Location: Montaña de Oro State Park
Exif: f/8.0, 24mm, 105 sec, ISO 64

Shooting sunsets is usually a race against time, stick a 10 stop ND filter in front of your lens and you have even less room for error and time to execute. That perfect light lasted long enough to get 2, may be 2 shots. That’s it.

The making

We got to this spot in the morning and decided where we wanted to watch the sunset from. This made sure that we didn’t run around looking for a good spot when the sun was setting (been there, done that). I always thought location scouting was a serious affair and took the fun out of it, but boy I was I wrong. Picking a spot ahead of time made a huge difference.

The shot

I’m obsessed with getting that perfect creamy texture of water in my photographs.
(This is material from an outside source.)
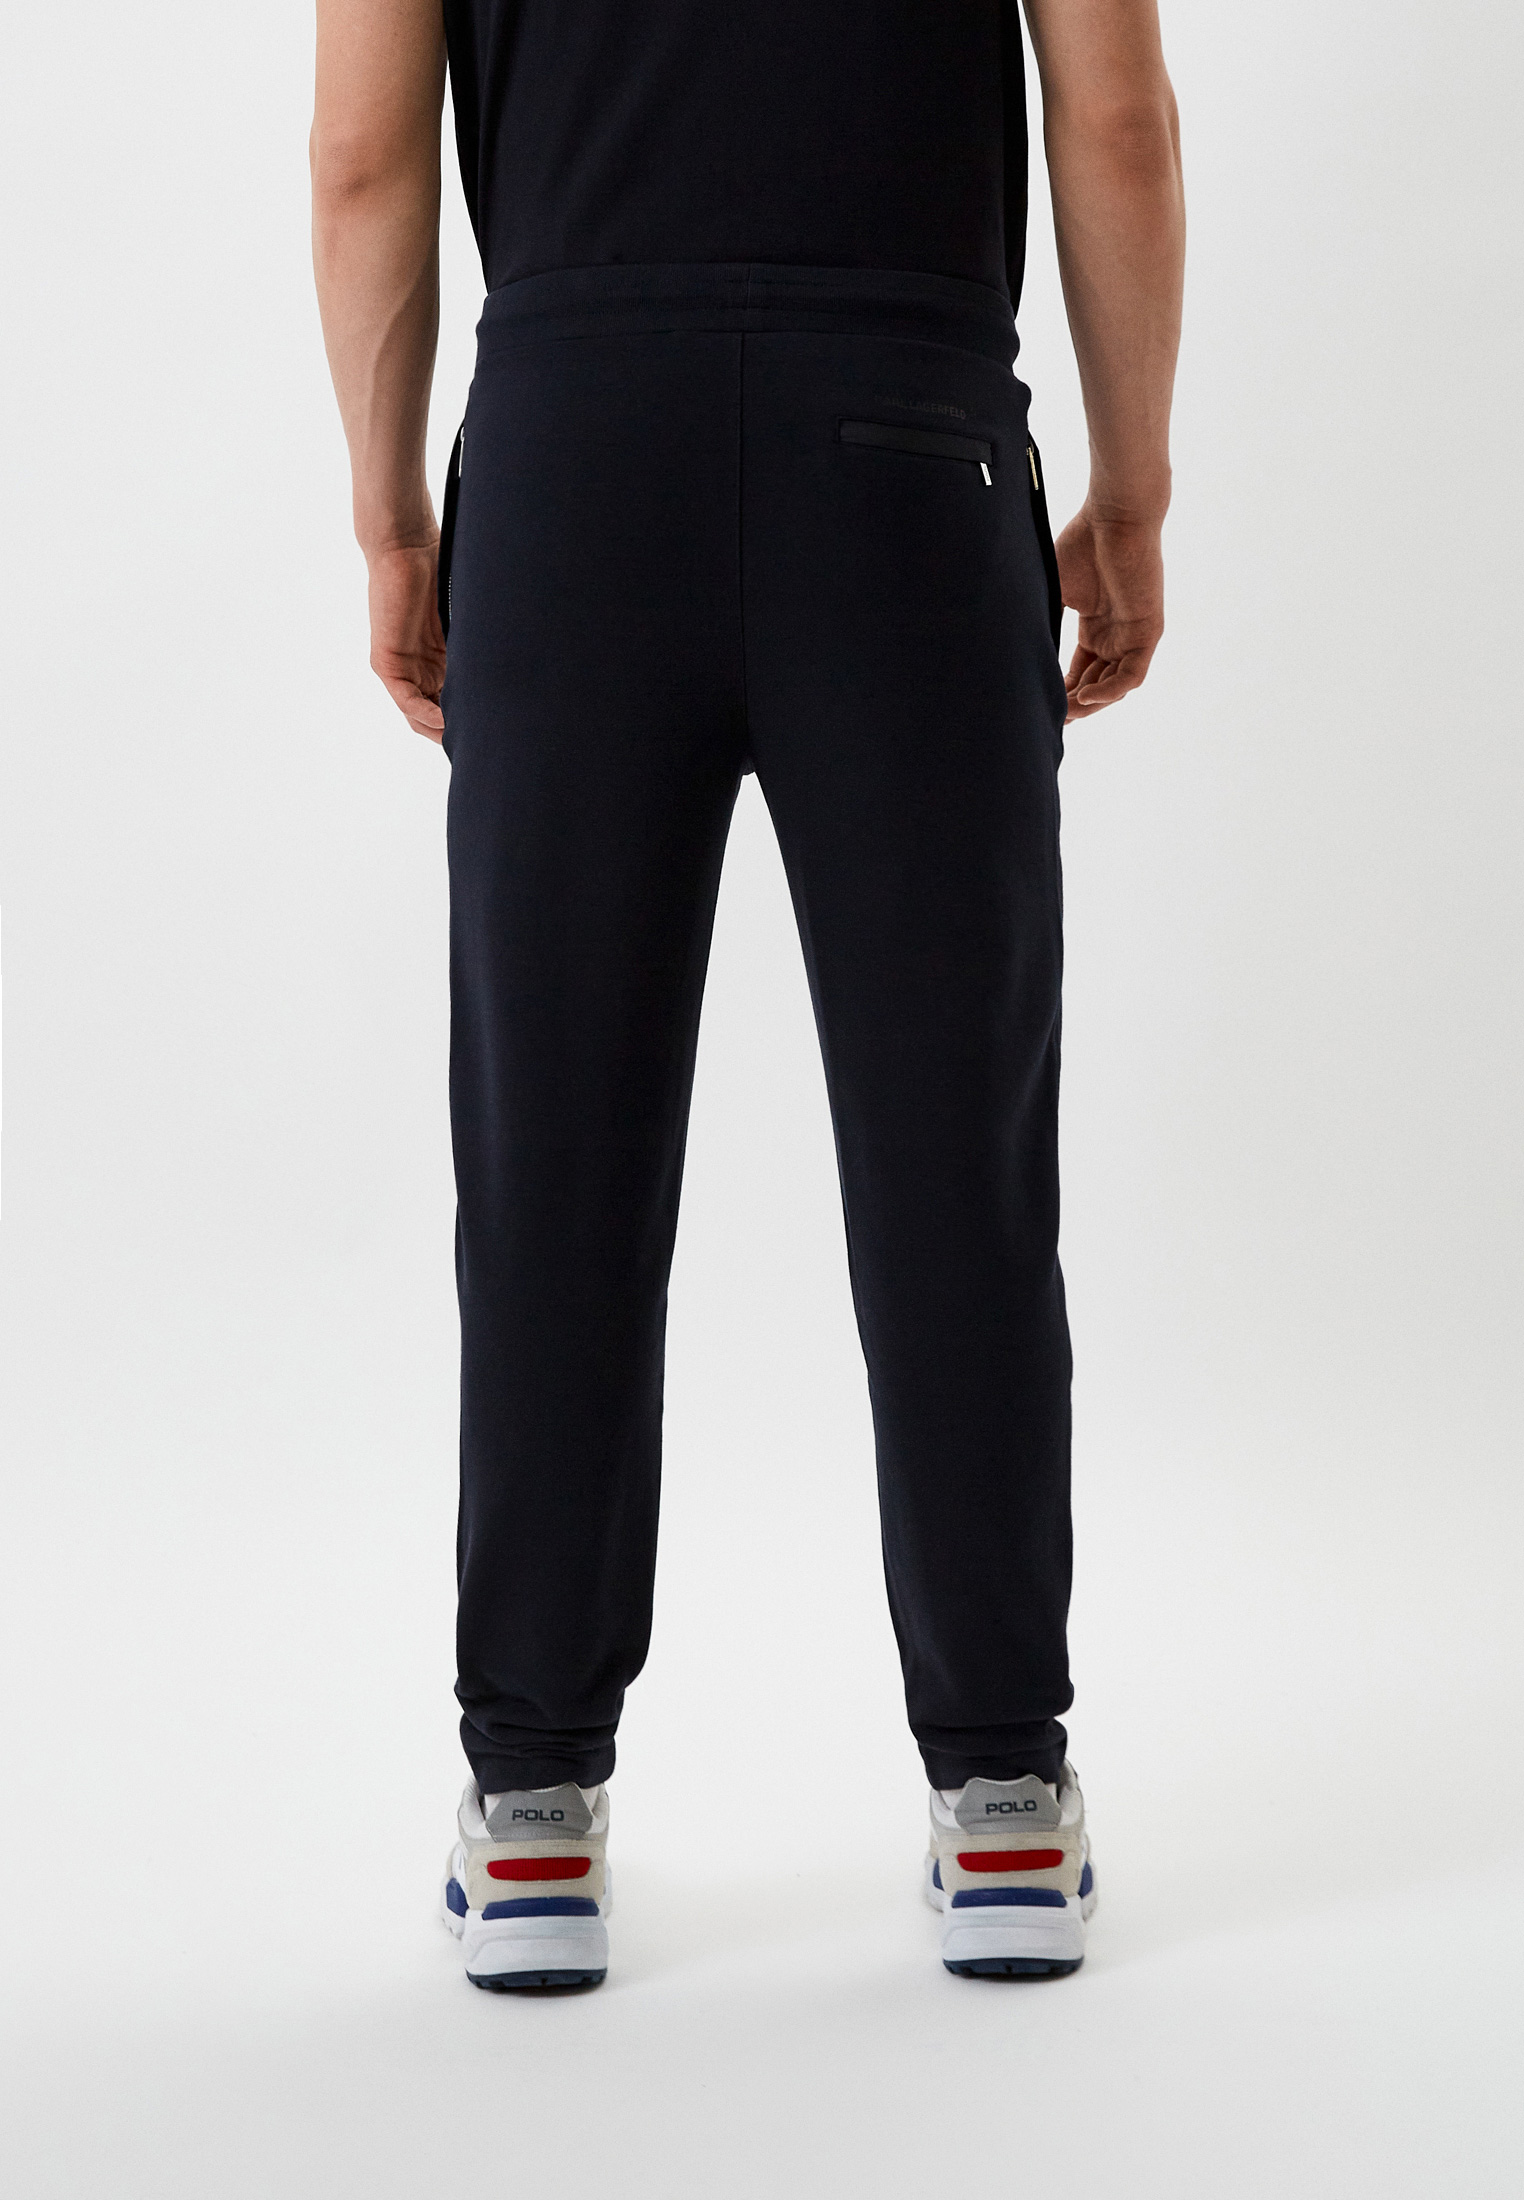 Мужские спортивные брюки Karl Lagerfeld (Карл Лагерфельд) 521900-705088: изображение 7

So, to make this shot, I had two options:

  1. Wait for the sun to set and hope that a larger f value and lower ISO will give me a long enough exposure, or
  2. Use a ND filter and get the water the way I want while the sun sets

Yes, the sky won’t be the same in both those shots, but I wasn’t worried so much about the sky, my focus was water. Get the water near perfect and live with whatever color the sky is at that time (hint: it’s always breathtaking).

I love shooting long exposures. Every long exposure photograph takes time, time that I can spend looking at the scene, without looking through the viewfinder. It makes me work hard to compose a frame and get all the technical bits right before I set off on a 2 or 5 min exposure.